X_train, X_test, y_train, y_test = train_test_split(X, y, test_size=0.3, random_state=1) #split the data, store it into different variables
X_train

array([[0.99794027, 0.04536092, 0.        , 0.        , 0.04536092],
       [0.99450545, 0.10468478, 0.        , 0.        , 0.        ],
       [0.99764151, 0.06139332, 0.        , 0.        , 0.03069666],
       ...,
       [0.99922929, 0.02775637, 0.        , 0.02775637, 0.        ],
       [0.99503719, 0.09950372, 0.        , 0.        , 0.        ],
       [0.99902487, 0.03121953, 0.        , 0.        , 0.03121953]])

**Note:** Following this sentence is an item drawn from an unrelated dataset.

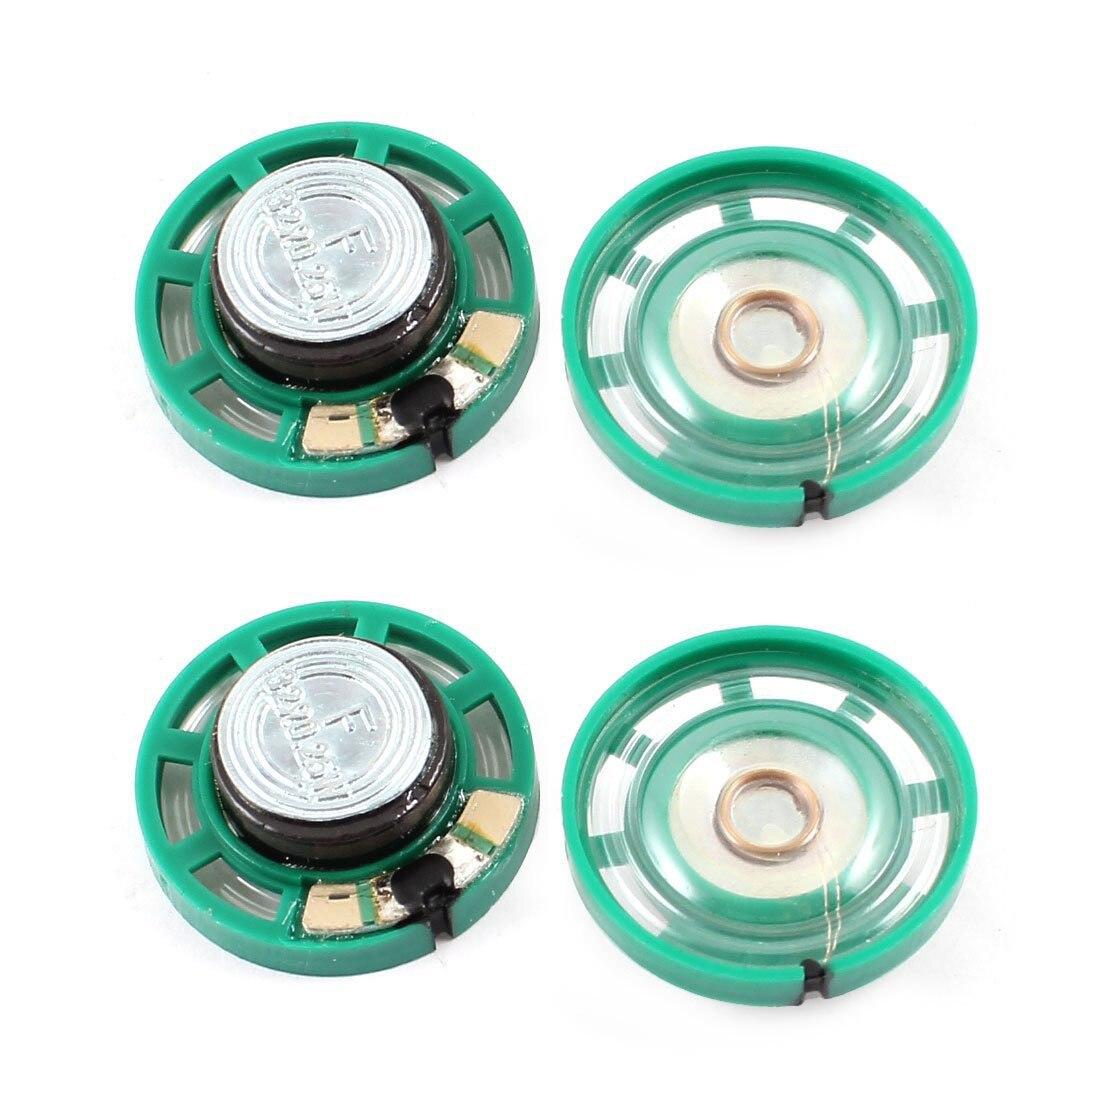 0,25 Watt 32 Ohm Kunststoff 4 Magnetischen Lautsprecher Mit 27mm Durchmesser Grüne + Silber Eine GroßE Auswahl An Modellen

Let's use the *KNeightborsClassifier* class from sklearn:

In [16]:
from sklearn.neighbors import KNeighborsClassifier #the object class we need

knn = KNeighborsClassifier() #create a KNN-classifier with 5 neighbors (default)
knn = knn.fit(X_train, y_train) #this fits the k-nearest neigbor model with the train data



## Model evaluation

Let's start by calculating accuracy. As always, we do the evaluation on the test data.

In [19]:
knn.score(X_test, y_test) #calculate the fit on the *test* data

0.8093023255813954

Accuracy is 80.9%. An easy comparison is to compare with the best baseline guess: always guess "Not Survived". That would give us 424 / (424 + 290) = 59.4% (see *value_counts* above). So the model is a lot better than the baseline guess.